» **DATA**
'''
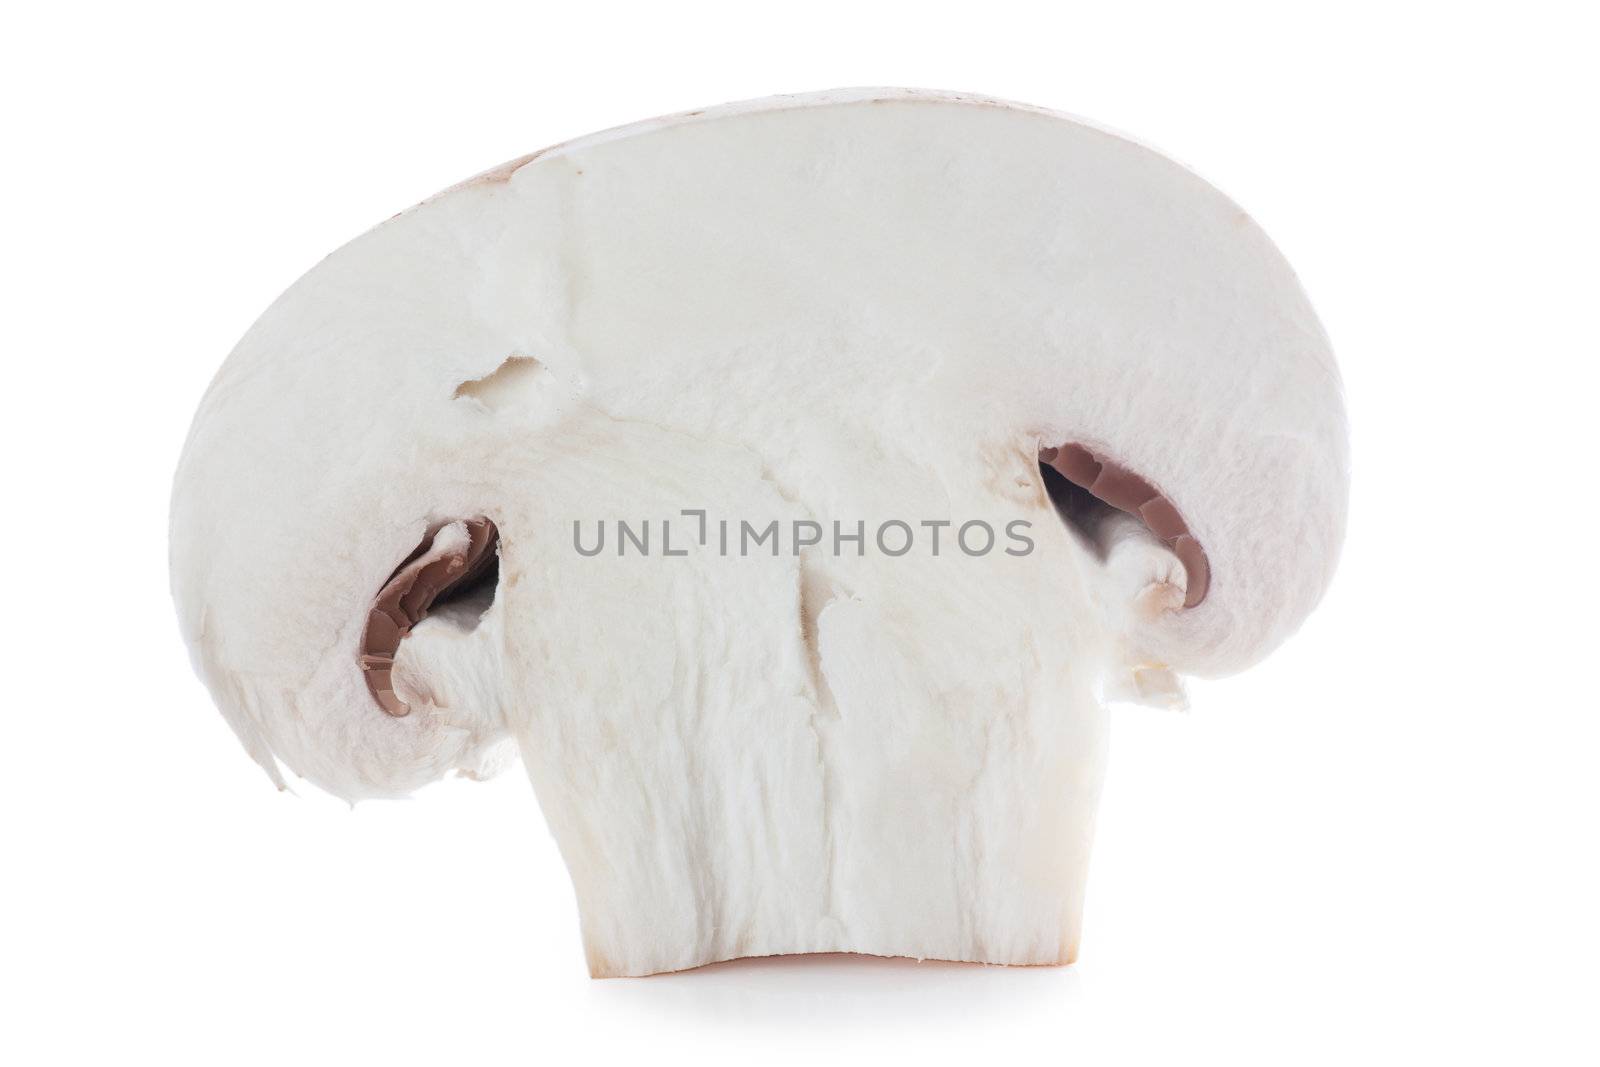 A section of mushroom isolated over white
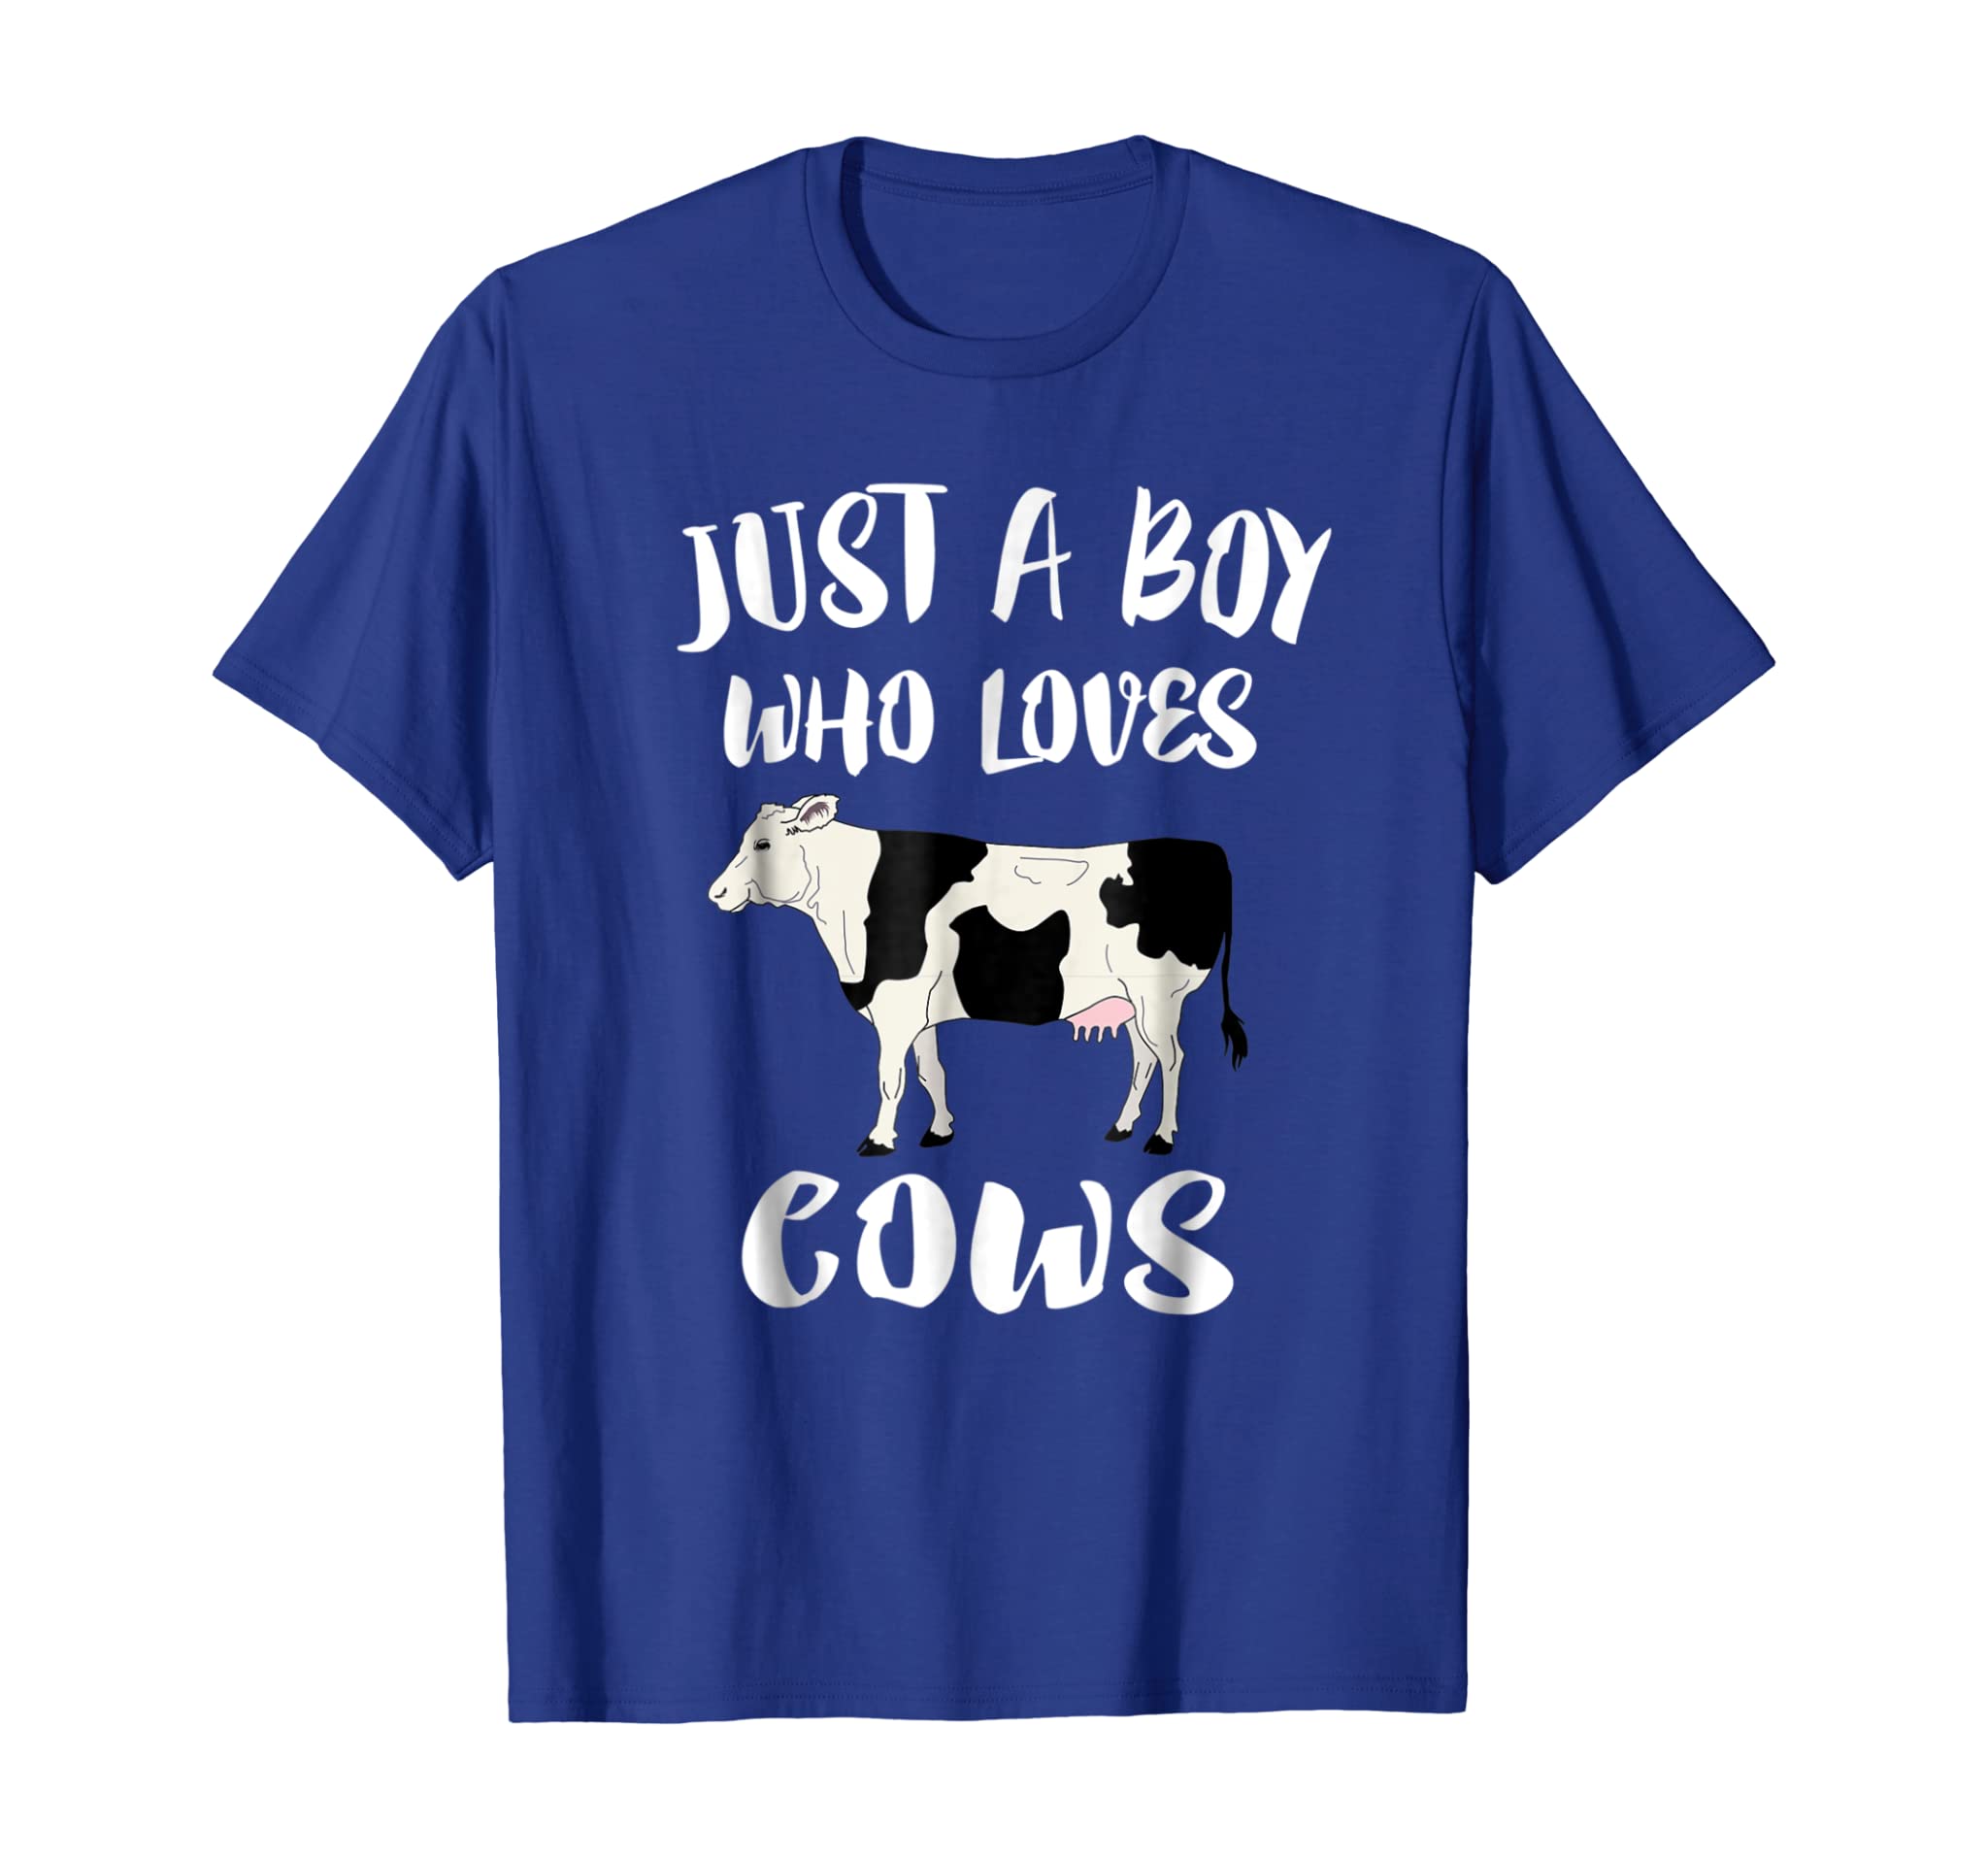 Just A Boy Who Loves Cows T-Shirt Animal Lover Farm Gift
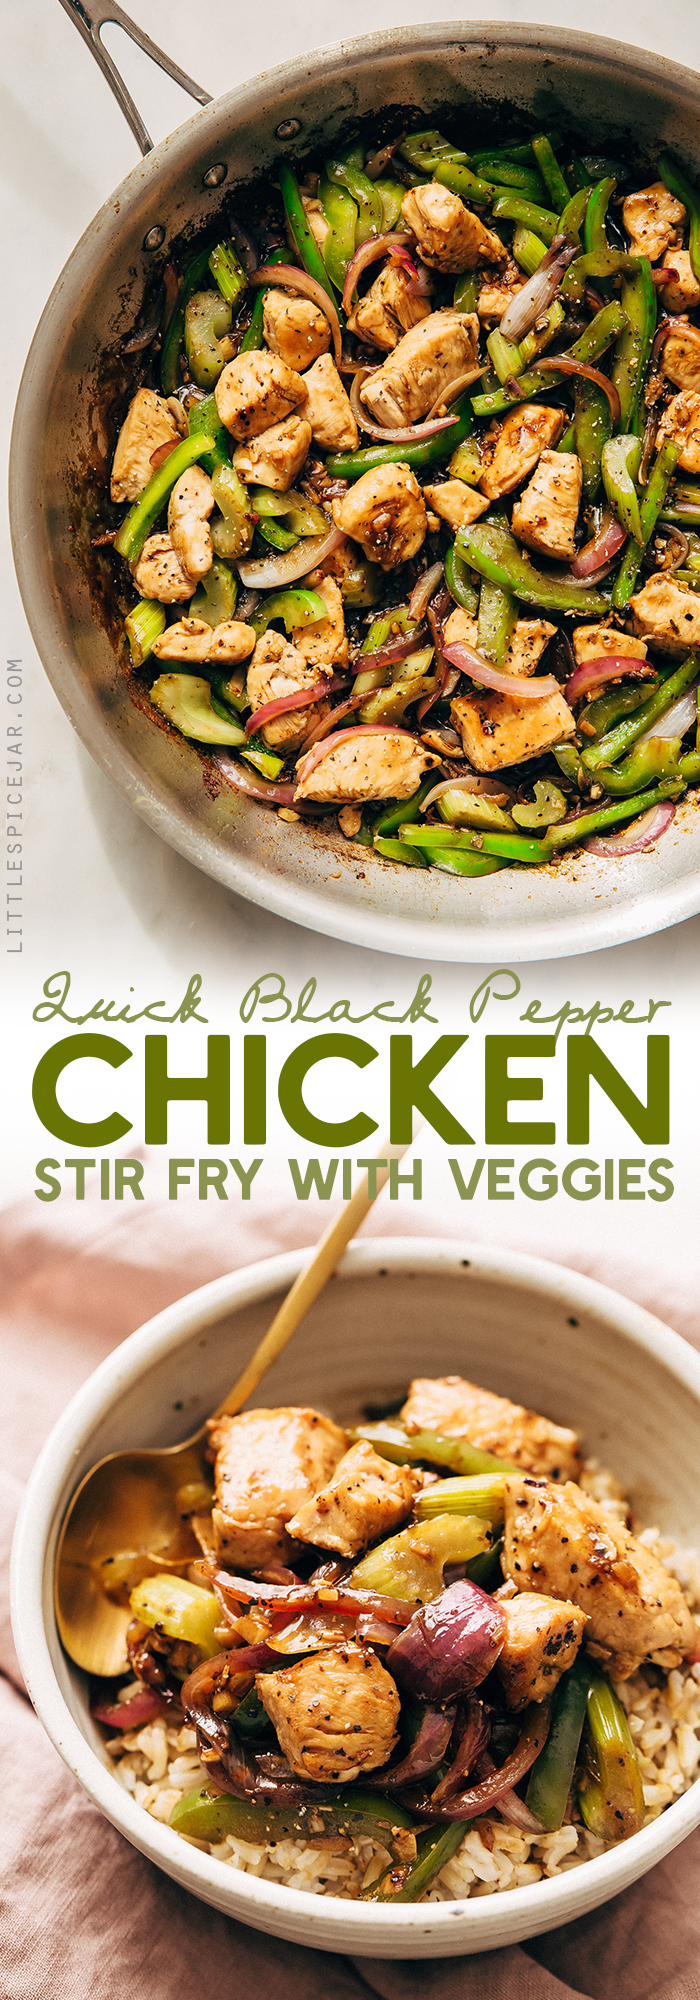 Black Pepper Chicken Stir Fry - Learn how to make a simple chicken stir fry with veggies all under 25 minutes and it's perfect for MEAL PREPPING! #blackpepperchicken #chickenstirfry #chickenandveggiestirfry #stirfry | Littlespicejar.com
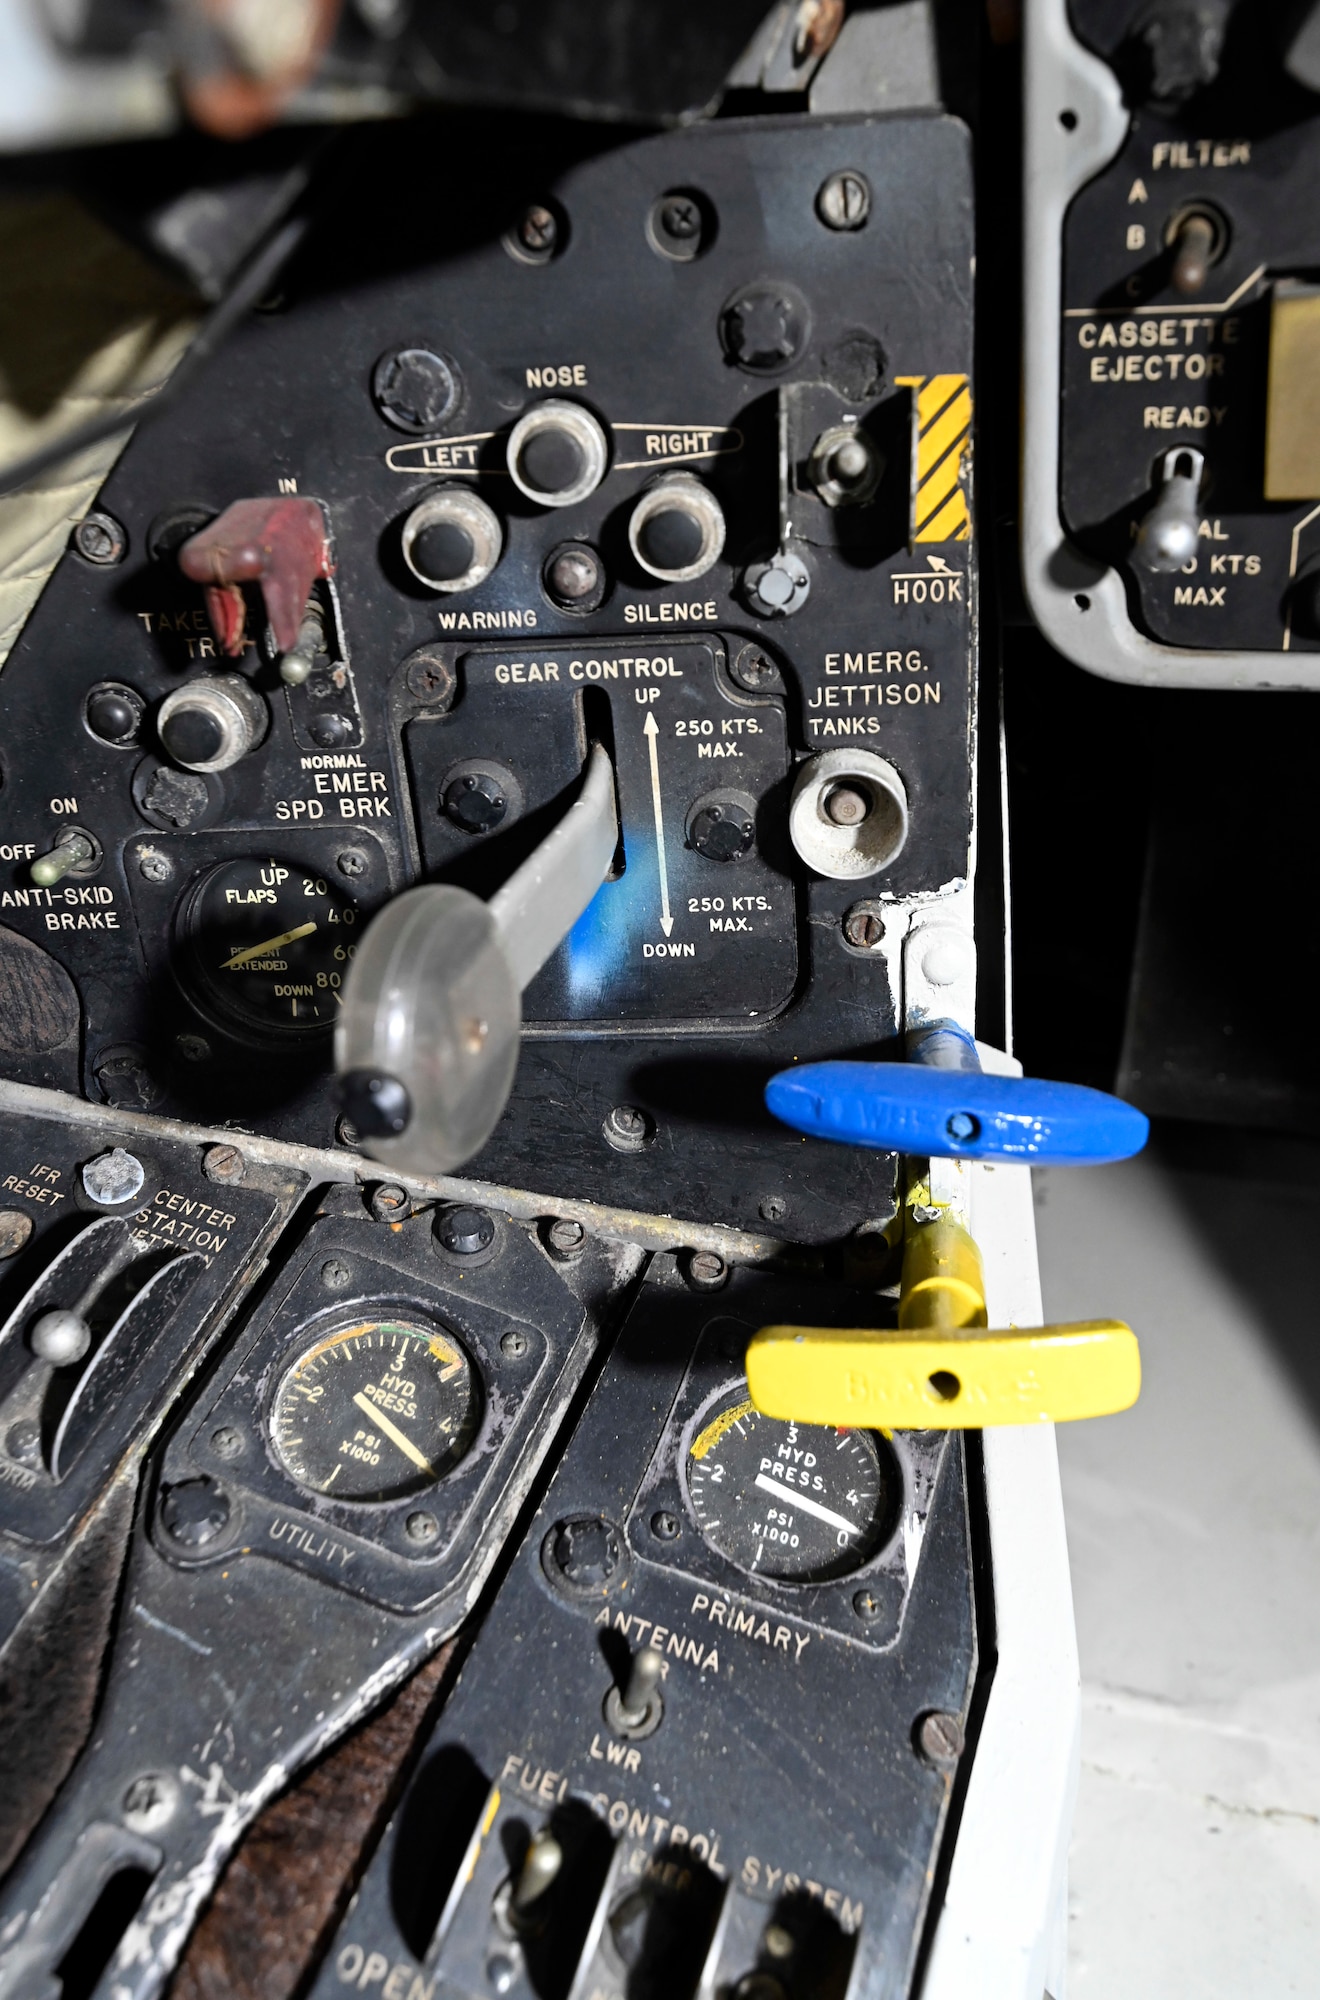 cockpit views of the McDonnell RF-101C Voodoo
'''
» **WHAT THE TASK ASKS**
Your task is to set down each line above verbatim while excluding the pictures.

» **ANSWER SECTION**
 A section of mushroom isolated over white
 Just A Boy Who Loves Cows T-Shirt Animal Lover Farm Gift
 Black Pepper Chicken Stir Fry - Learn how to make a simple chicken stir fry with veggies all under 25 minutes and it's perfect for MEAL PREPPING! #blackpepperchicken #chickenstirfry #chickenandveggiestirfry #stirfry | Littlespicejar.com
 cockpit views of the McDonnell RF-101C Voodoo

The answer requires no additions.